SDK Core ML Data API
Synthetic video generation
Camera Pose Generator:
This module allows to define a trajectory of camera poses and generate continuous homographies by interpolating when maximum optical flow is beyond a predefined threshold.
- class metavision_core_ml.data.camera_poses.CameraPoseGenerator(height, width, max_frames=300, pause_probability=0.5, max_optical_flow_threshold=2.0, max_interp_consecutive_frames=20)
CameraPoseGenerator generates a series of continuous homographies with interpolation.
- Parameters
height (int) – height of image
width (int) – width of image
max_frames (int) – maximum number of poses
pause_probability (float) – probability that the sequence contains a pause
max_optical_flow_threshold (float) – maximum optical flow between two consecutive frames
max_interp_consecutive_frames (int) – maximum number of interpolated frames between two consecutive frames
- get_flow(rvec1, tvec1, rvec2, tvec2, height, width)
Computes Optical flow between 2 poses
- Parameters
rvec1 (np.array) – rotation vector 1
tvec1 (np.array) – translation vector 1
rvec2 (np.array) – rotation vector 2
tvec2 (np.array) – translation vector 2
nt (np.array) – plane normal
depth (float) – depth from camera
height (int) – height of image
width (int) – width of image
- get_image_transform(rvec1, tvec1, rvec2, tvec2)

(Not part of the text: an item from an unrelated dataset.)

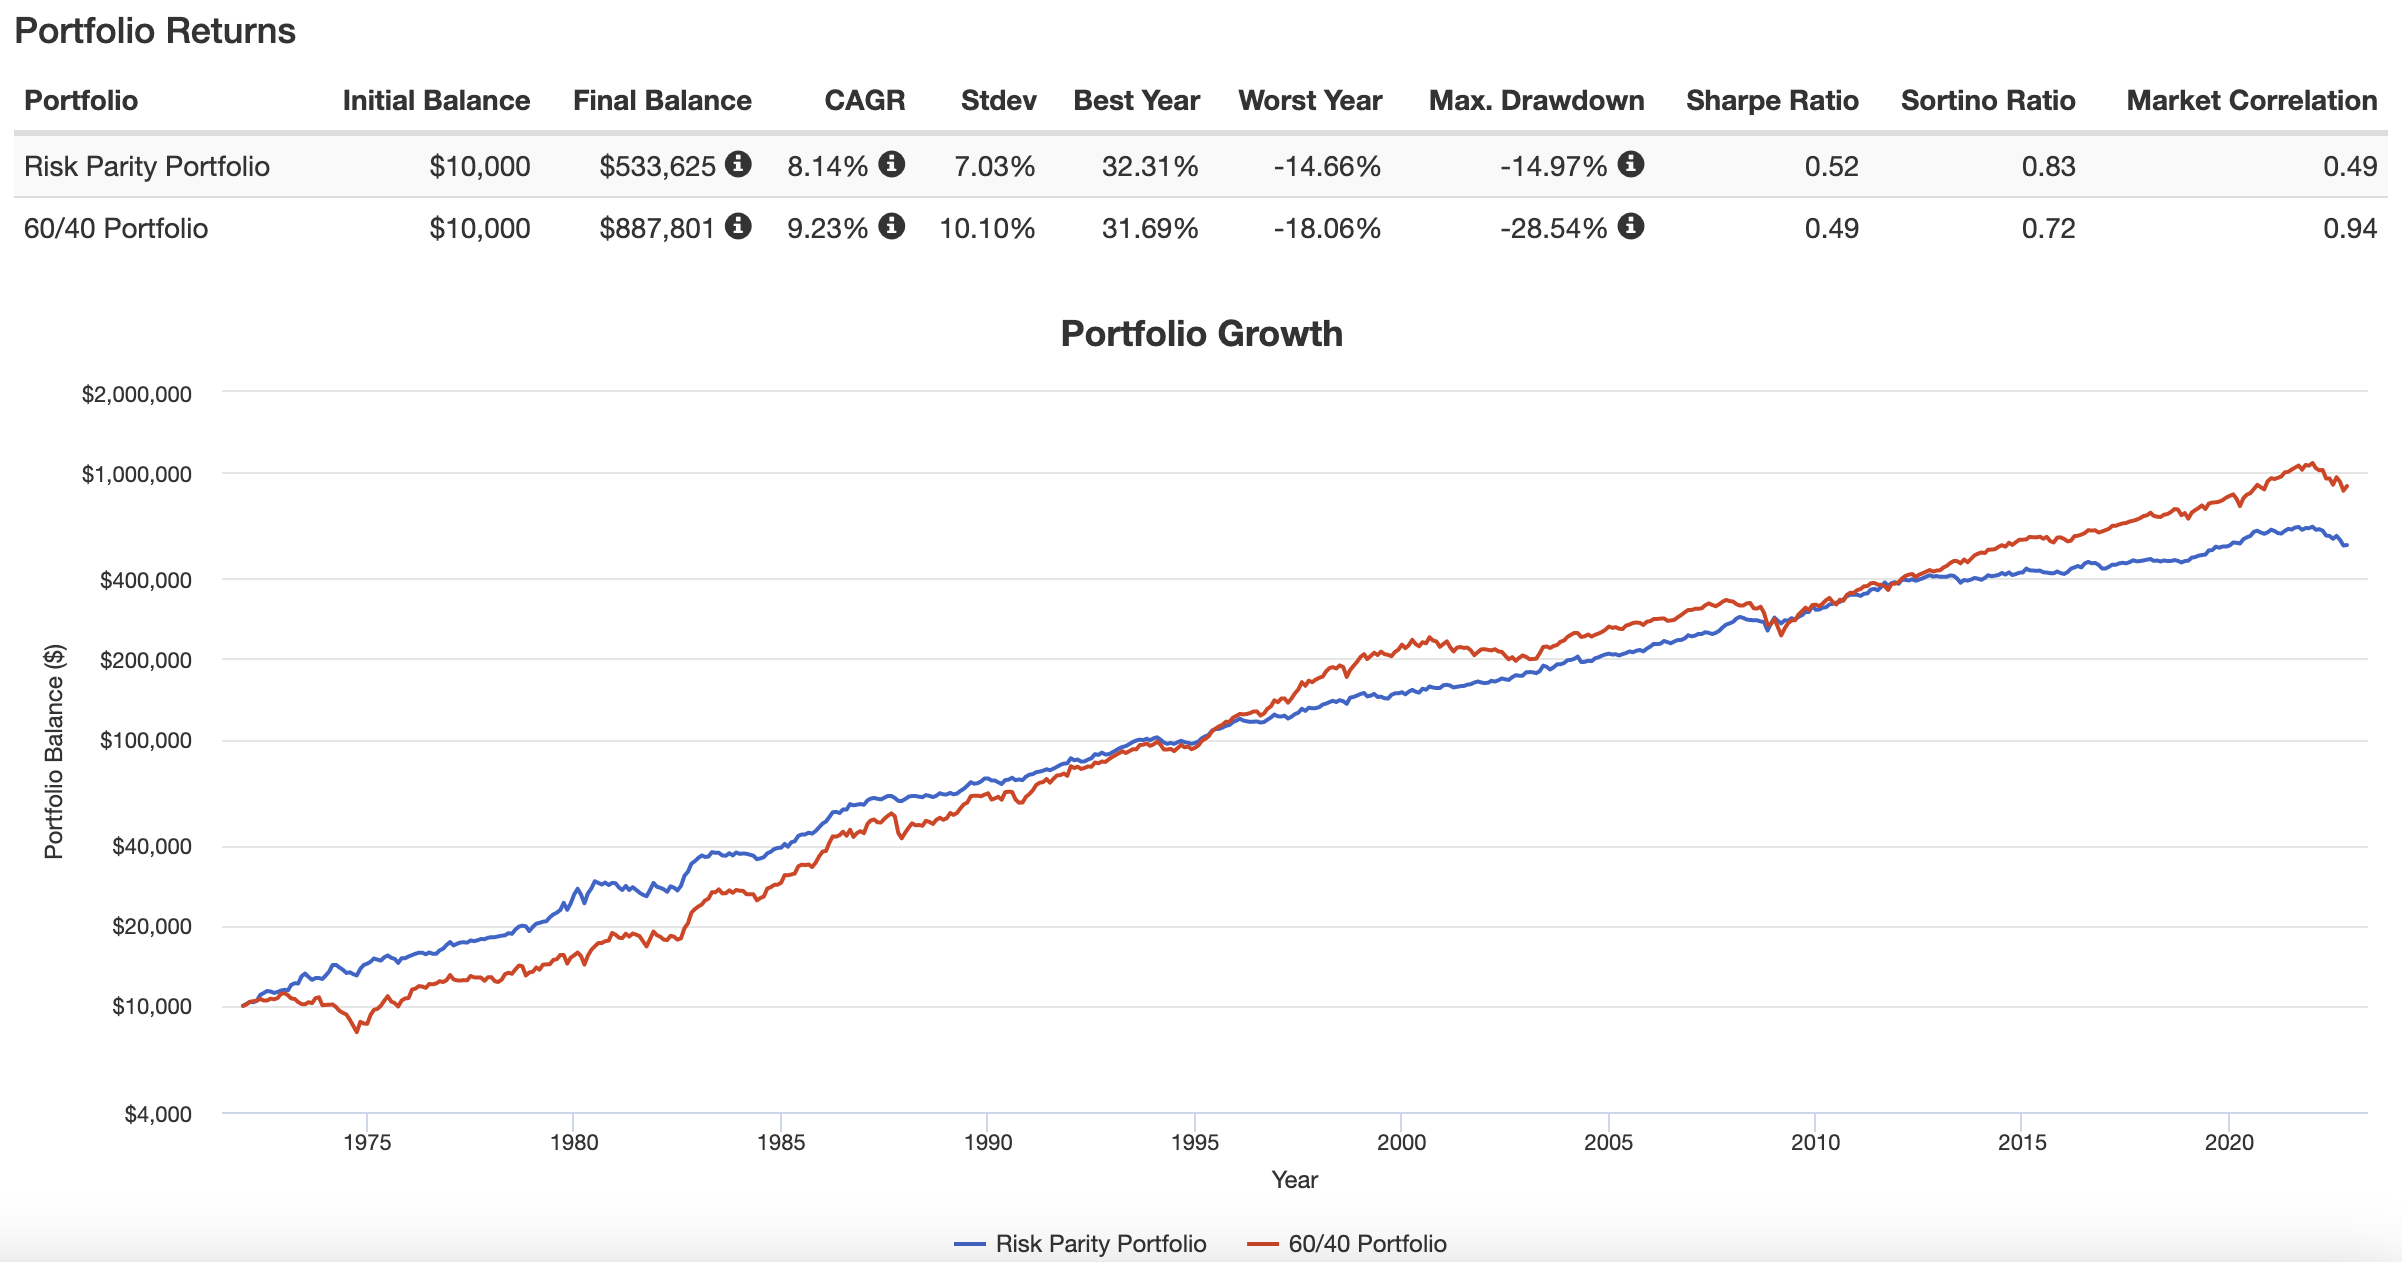 Risk Parity Portfolio vs 60/40 Portfolio historical returns from 1972 until 2022
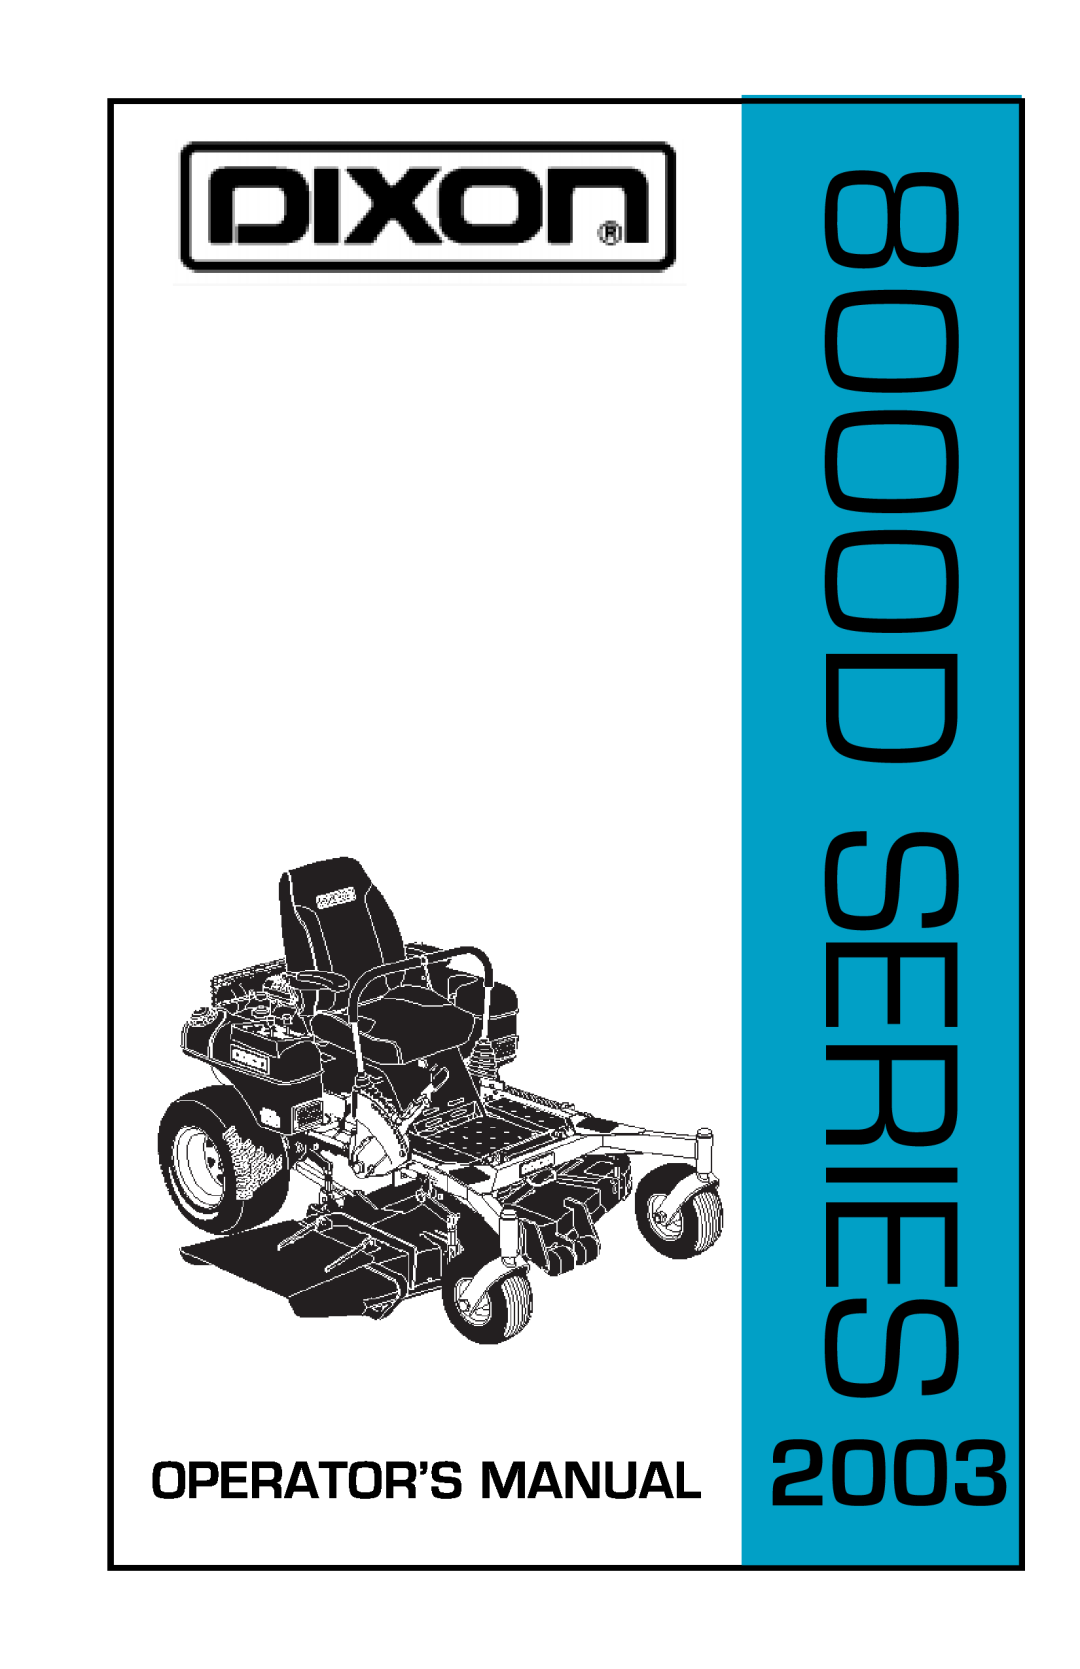 Dixon manual 8000D SERIES, 2003, Operator’S Manual

Get Homography between 2 poses
- Parameters
rvec1 (np.array) – rotation vector 1
tvec1 (np.array) – translation vector 1
rvec2 (np.array) – rotation vector 2
tvec2 (np.array) – translation vector 2
- metavision_core_ml.data.camera_poses.add_random_pause(signal, max_pos_size_ratio=0.3)
Adds a random pause in a multidimensional signal
- Parameters
signal (np.array) – TxD signal
max_pos_size_ratio (float) – size of pause relative to signal Length
- metavision_core_ml.data.camera_poses.generate_homographies(rvecs, tvecs, nt, d)
Generates multiple homographies from rotation vectors
- Parameters
rvecs (np.array) – N,3 rotation vectors
tvecs (np.array) – N,3 translation vectors
nt (np.array) – normal to camera
d (float) – depth
- metavision_core_ml.data.camera_poses.generate_homographies_from_rotation_matrices(rot_mats, tvecs, nt, depth)
Generates multiple homographies from rotation matrices
- Parameters
rot_mats (np.array) – N,3,3 rotation matrices
tvecs (np.array) – N,3 translation vectors
nt (np.array) – normal to camera
depth (float) – depth to camera
- metavision_core_ml.data.camera_poses.generate_homography(rvec, tvec, nt, depth)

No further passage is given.